PROVIDED MATERIAL:
[Start of section]

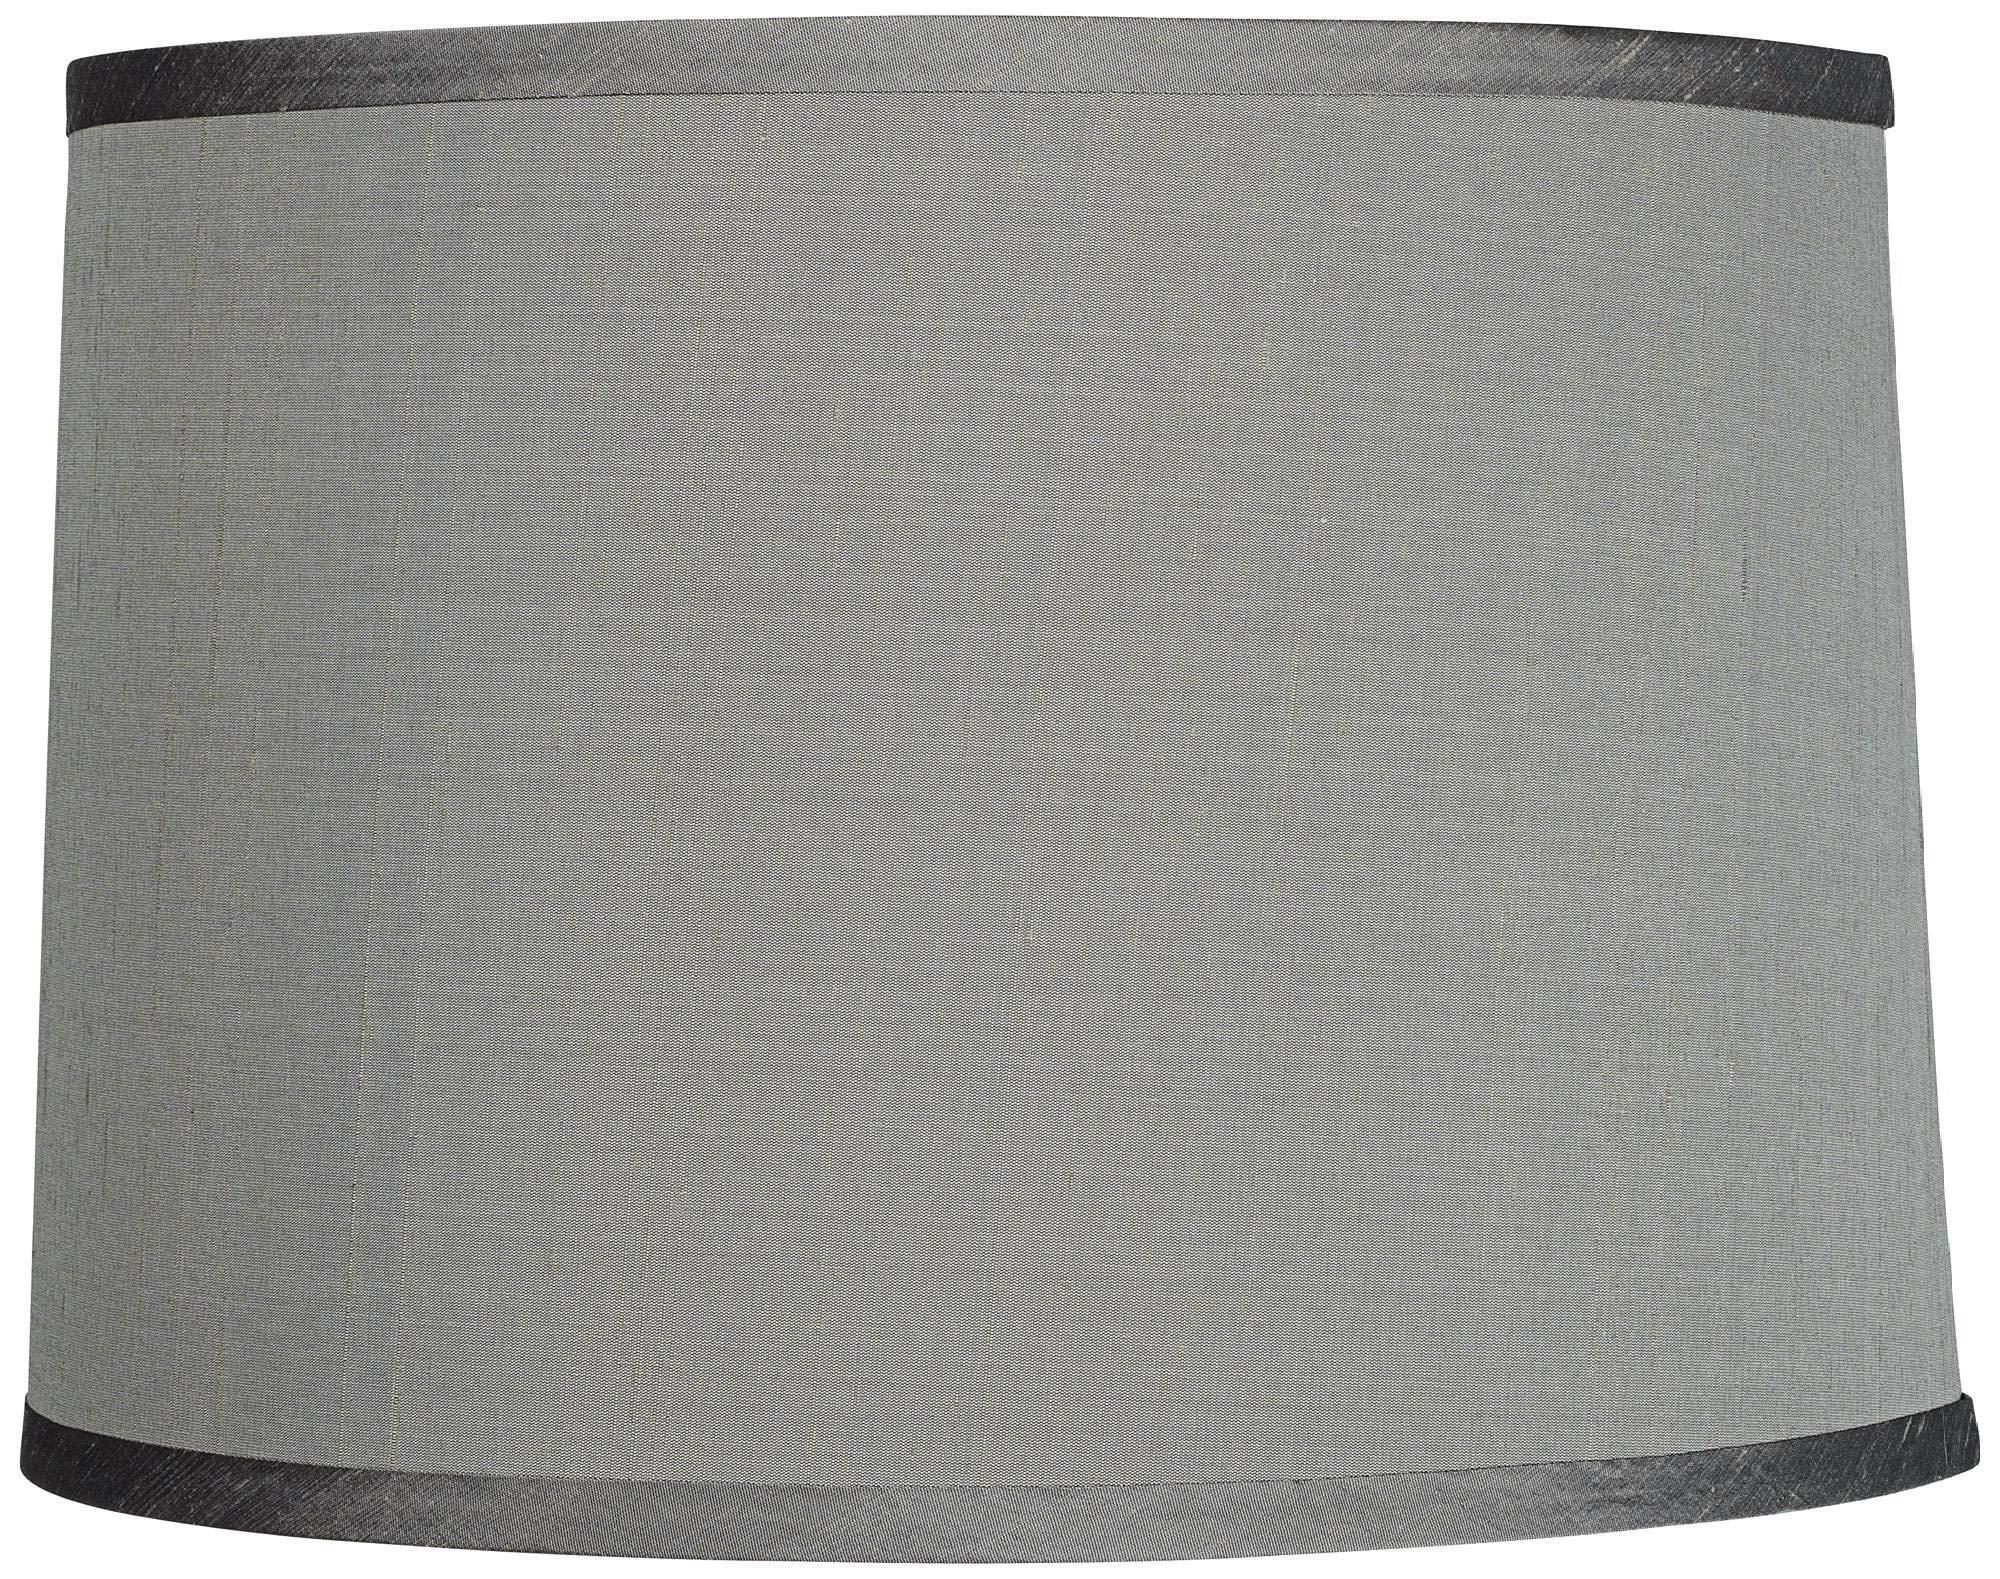 Brentwood Collection platinum gray medium dupioni silk lamp shade 13" top x 14" bottom x 10" slant x 10" high (spider) replacement with harp and f
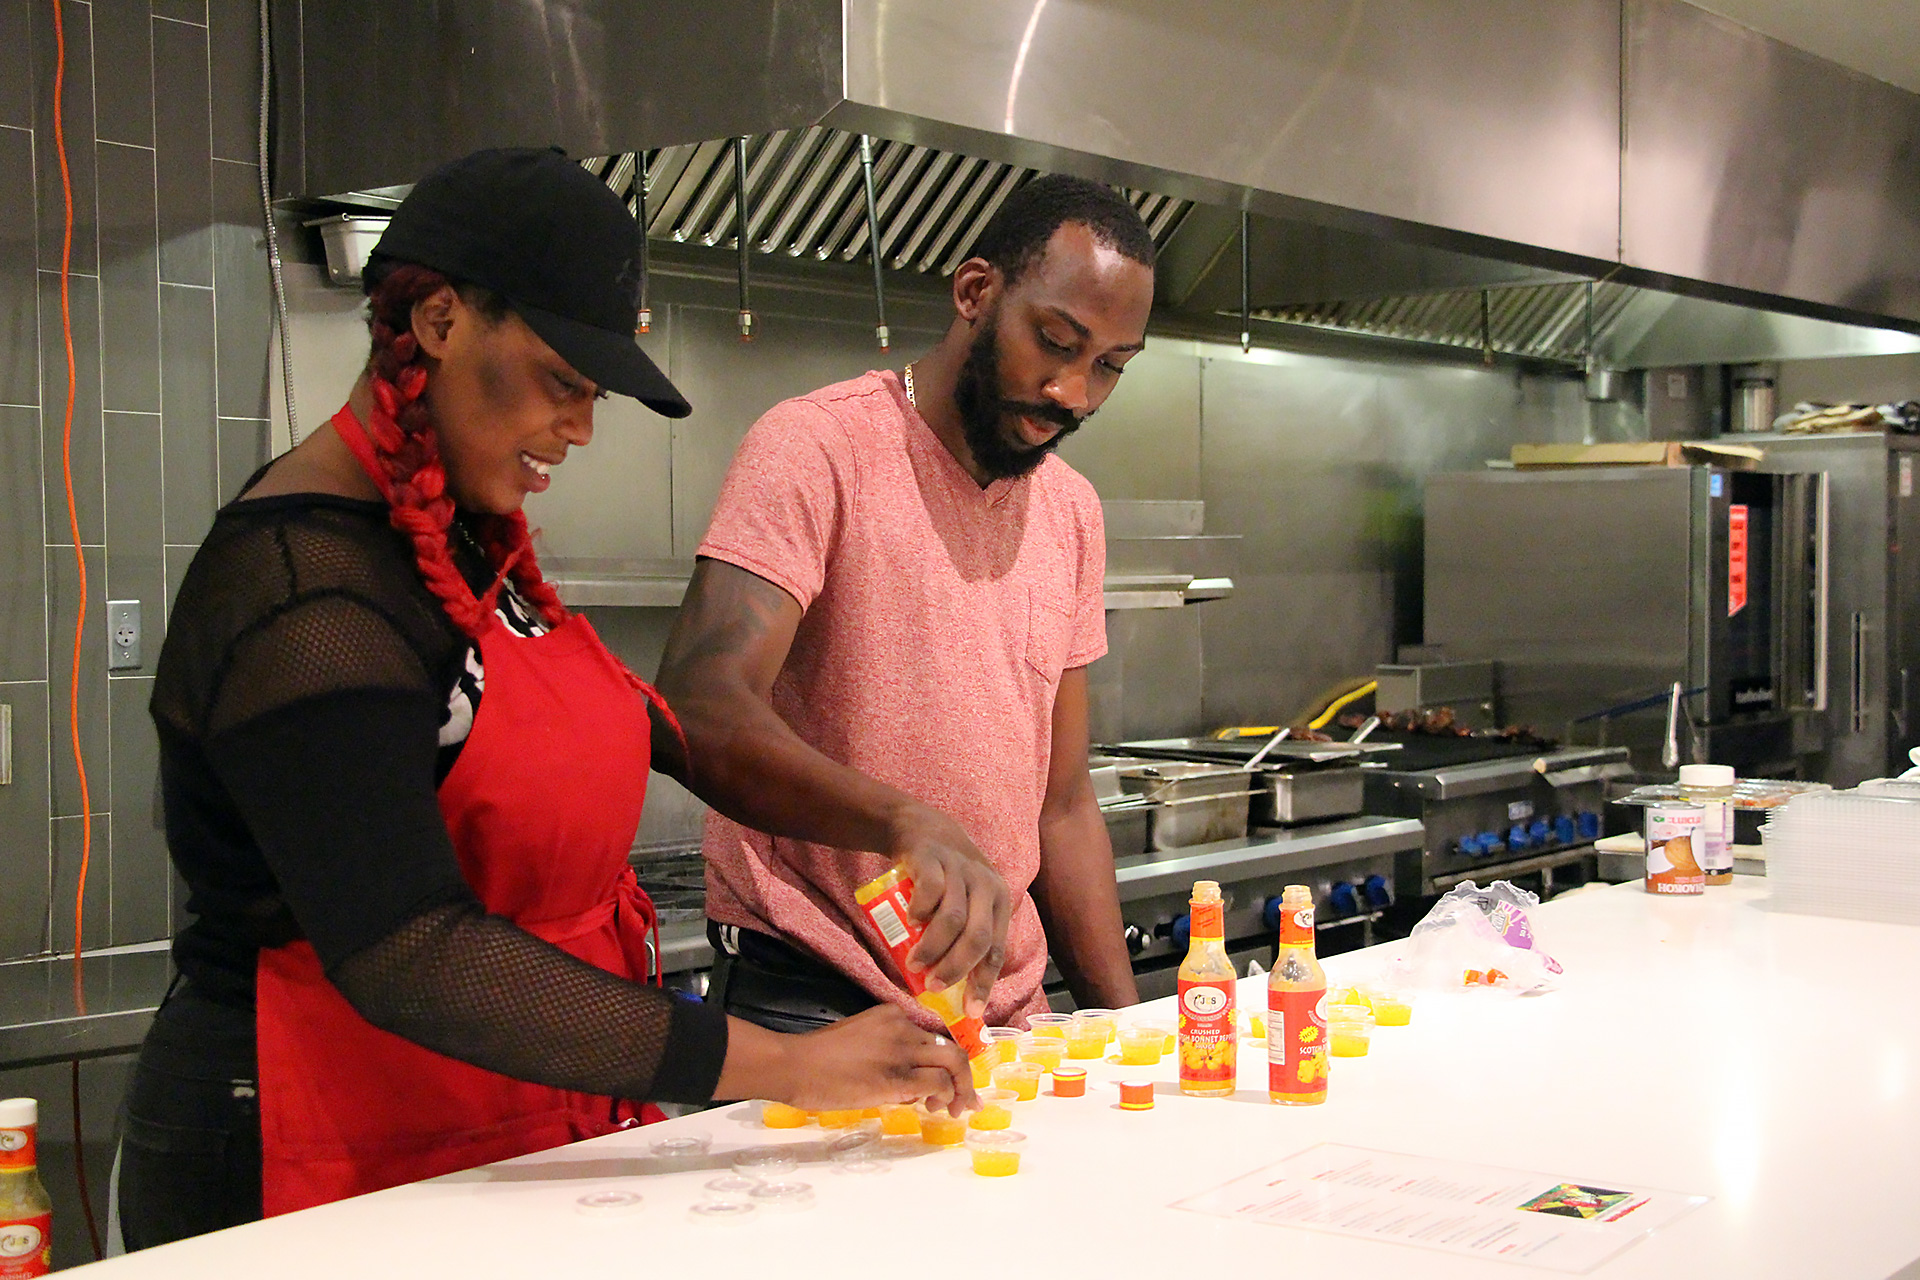 Co-owner and Chef OB Matterson (R) and staff filling containers with Scotch Bonnet Pepper Sauce.
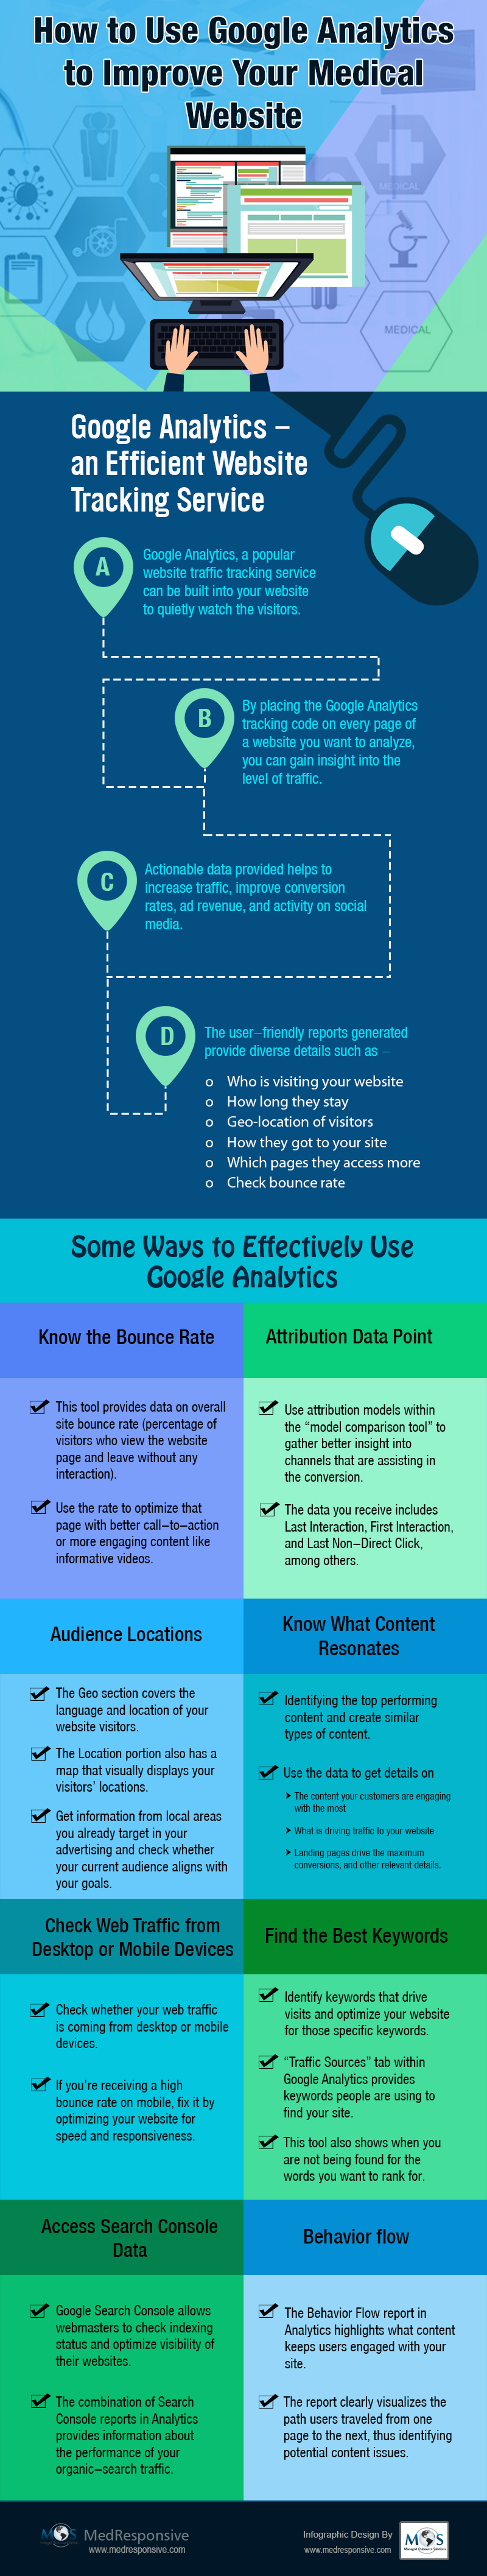 How to Use Google Analytics to Improve Your Medical Website

[End of section]

WHAT THE TASK REQUIRES:
Repeat the line that contains "Co-owner and Chef" and each line after it, through the last line of the listing, exactly and alone; pictures stay out of the repeat.

RESPONSE TO THE EXERCISE:
 Co-owner and Chef OB Matterson (R) and staff filling containers with Scotch Bonnet Pepper Sauce.
 How to Use Google Analytics to Improve Your Medical Website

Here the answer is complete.